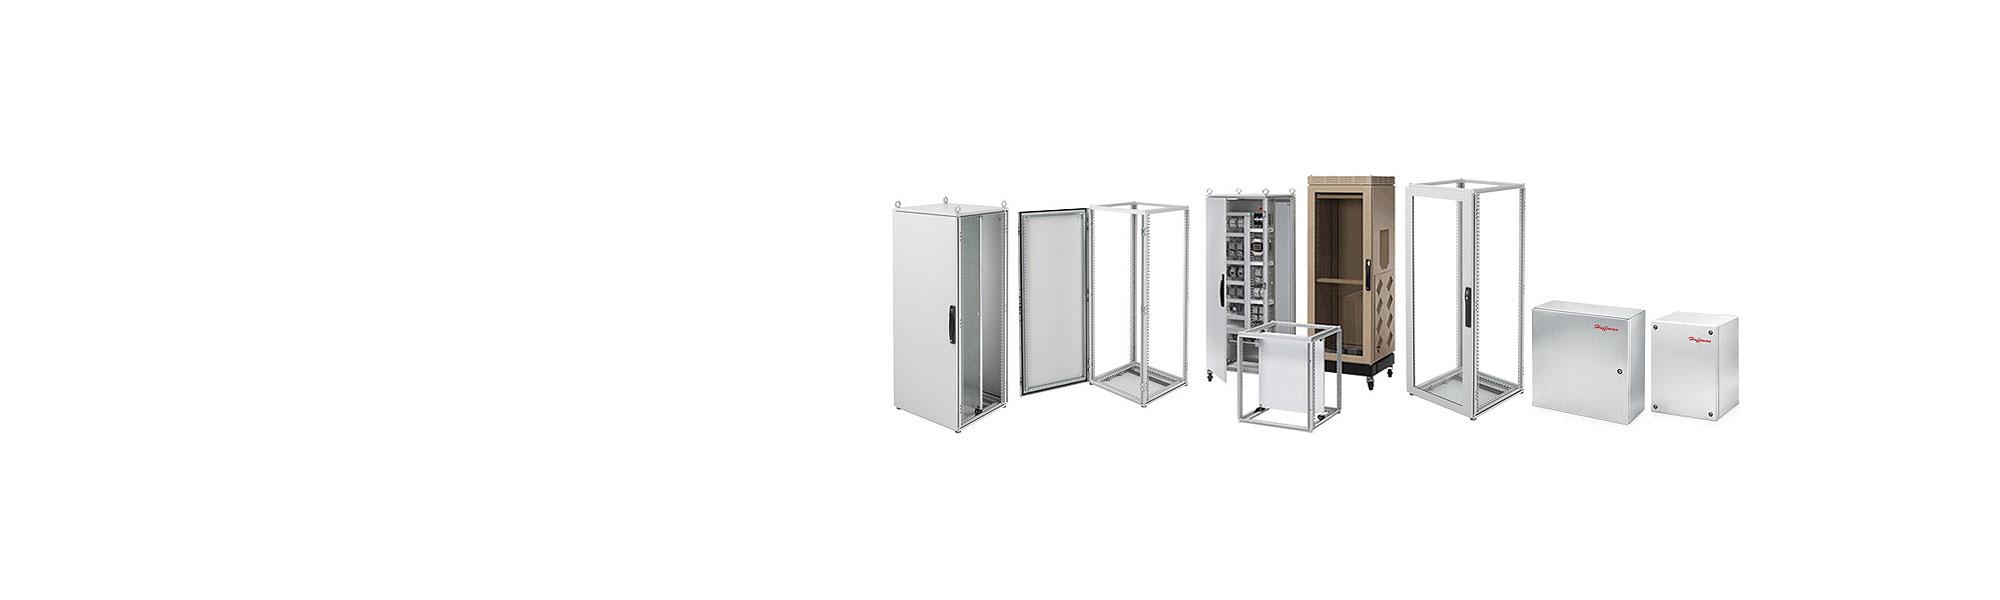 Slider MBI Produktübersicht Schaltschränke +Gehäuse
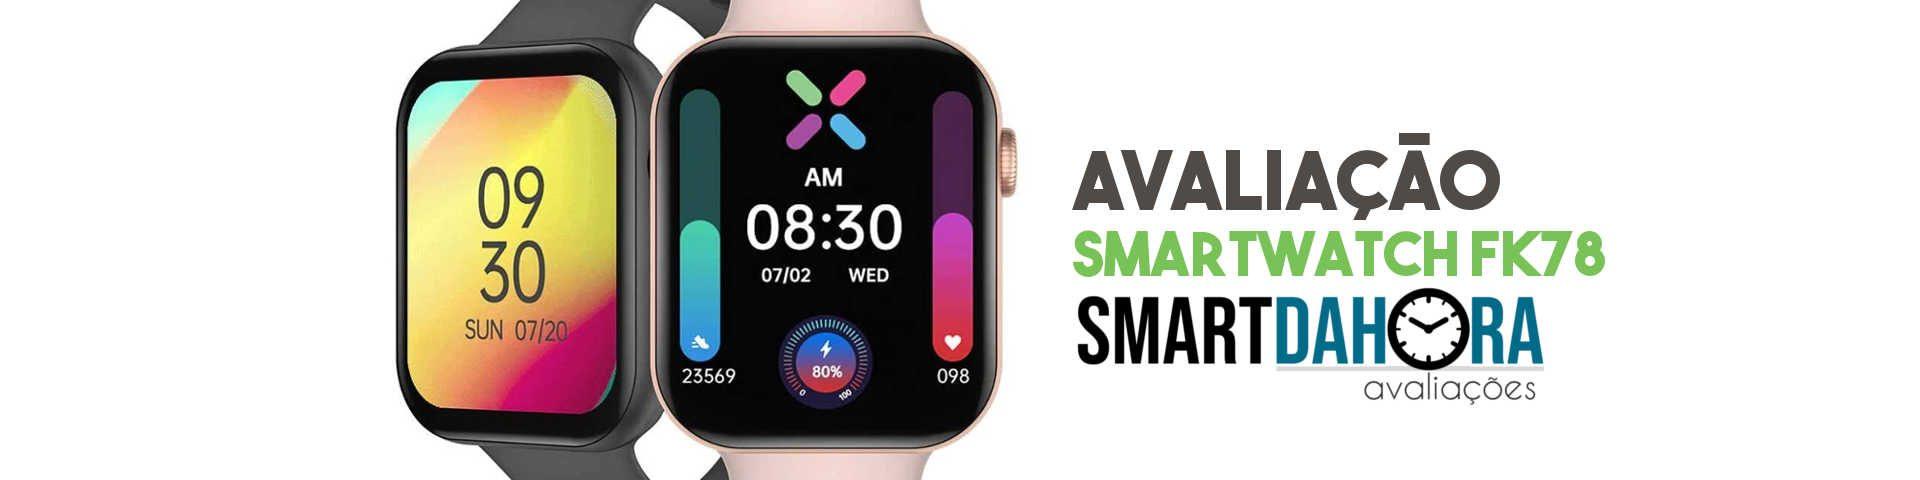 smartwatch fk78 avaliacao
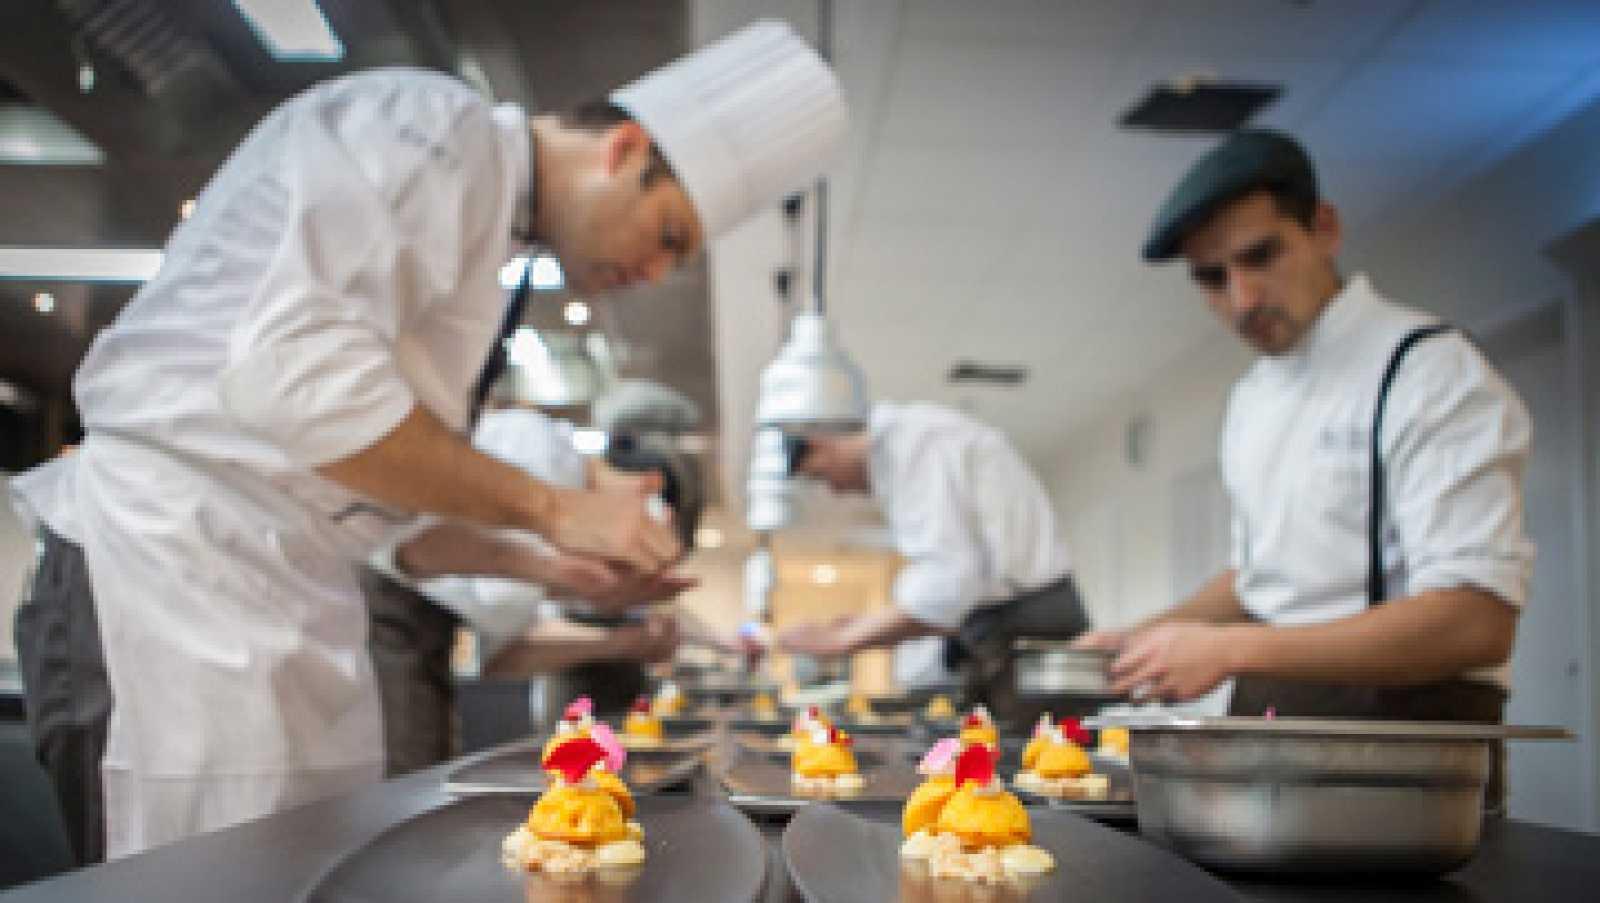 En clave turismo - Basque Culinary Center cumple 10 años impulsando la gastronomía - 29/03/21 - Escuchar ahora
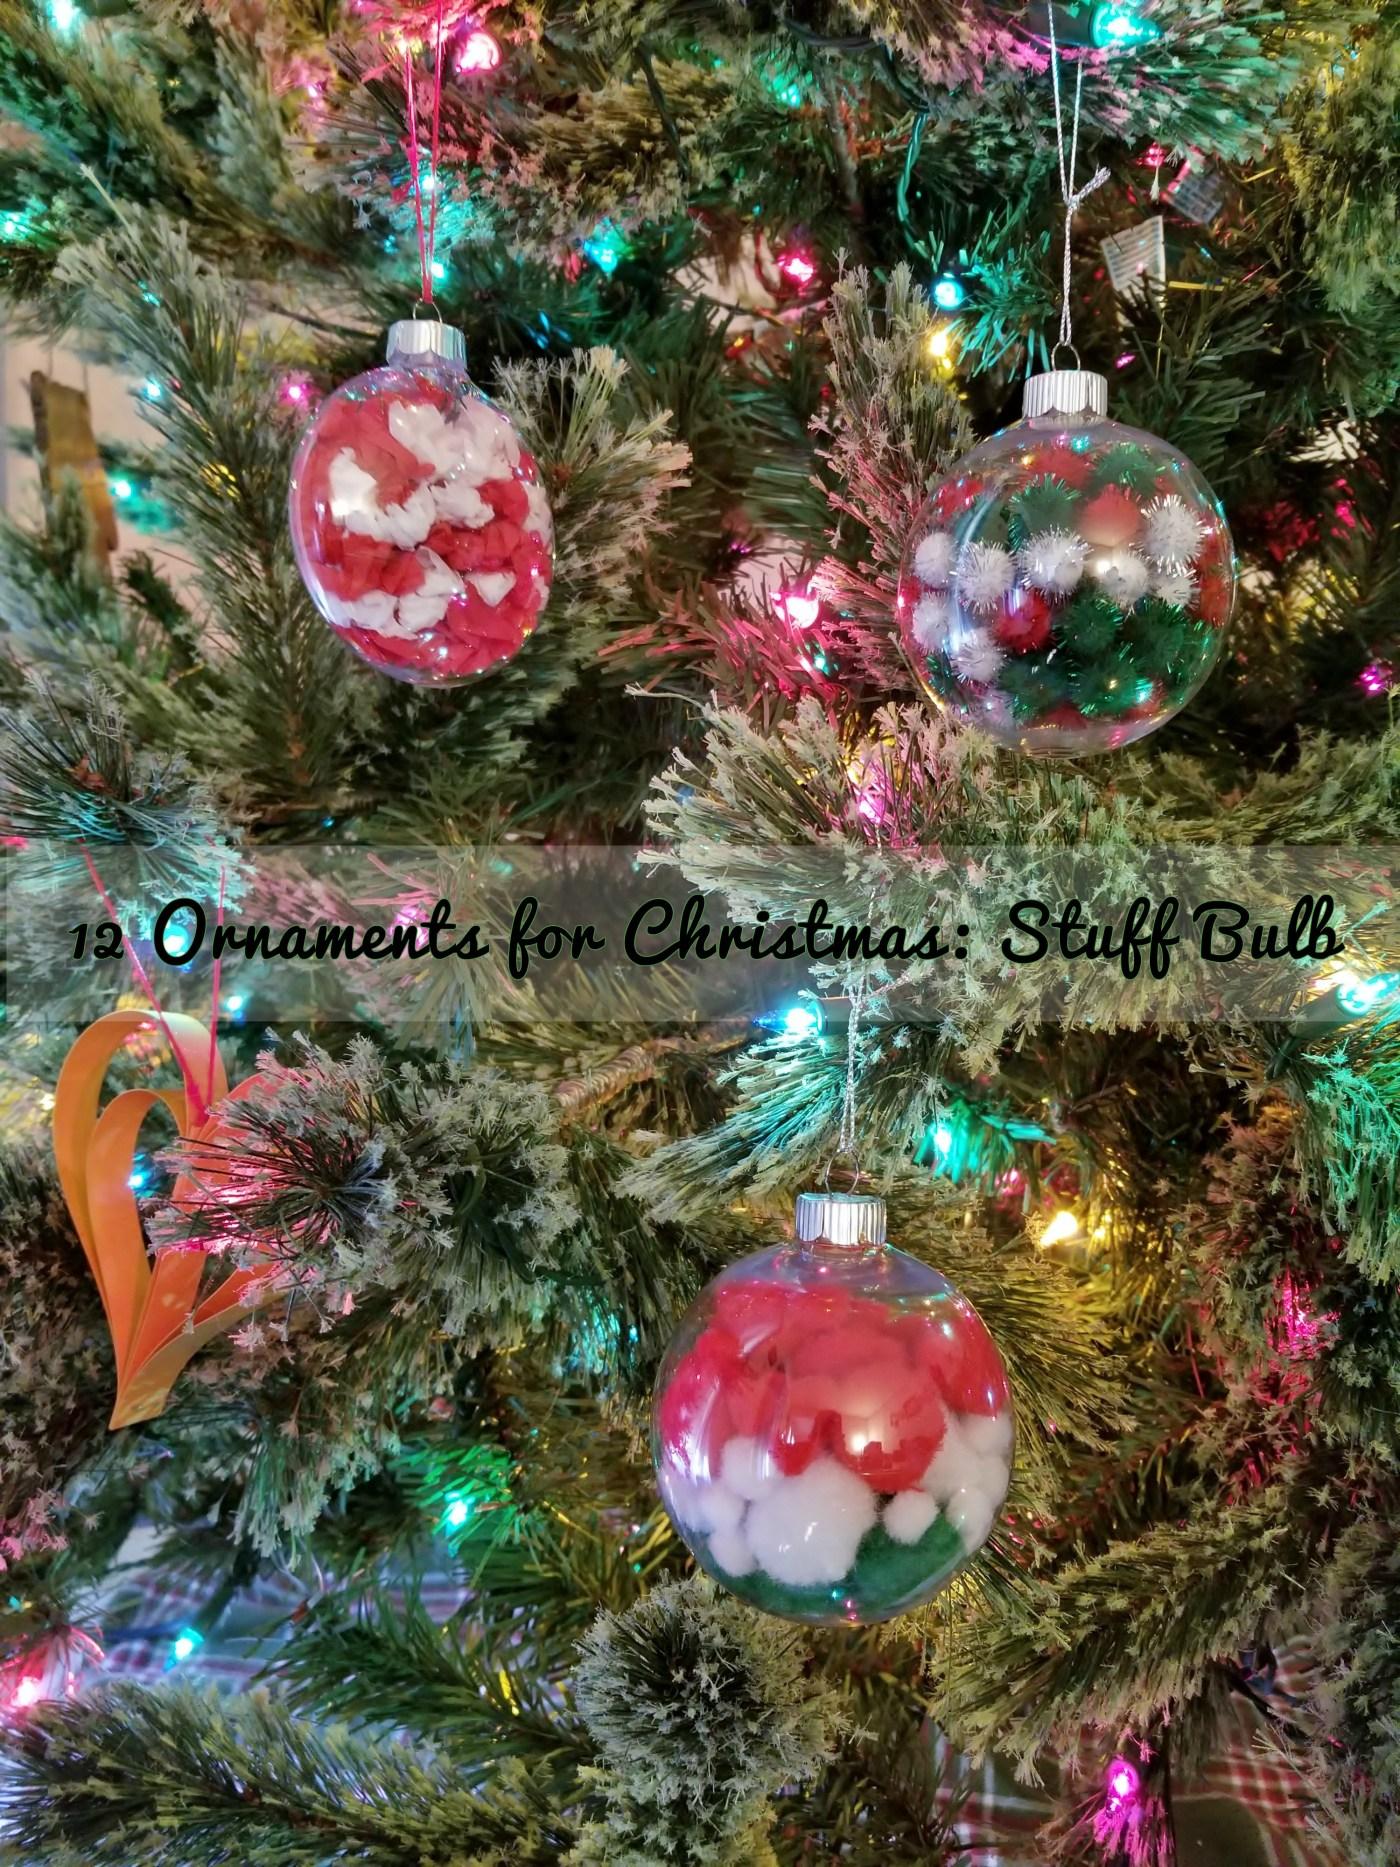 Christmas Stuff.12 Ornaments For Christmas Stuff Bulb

——————

EXERCISE OBJECTIVE: Please write out all the data word for word, but keep every picture out.

TASK RESULT:
 Slider MBI Produktübersicht Schaltschränke +Gehäuse
 smartwatch fk78 avaliacao
 En clave turismo - Basque Culinary Center cumple 10 años impulsando la gastronomía - 29/03/21 - Escuchar ahora
 Christmas Stuff.12 Ornaments For Christmas Stuff Bulb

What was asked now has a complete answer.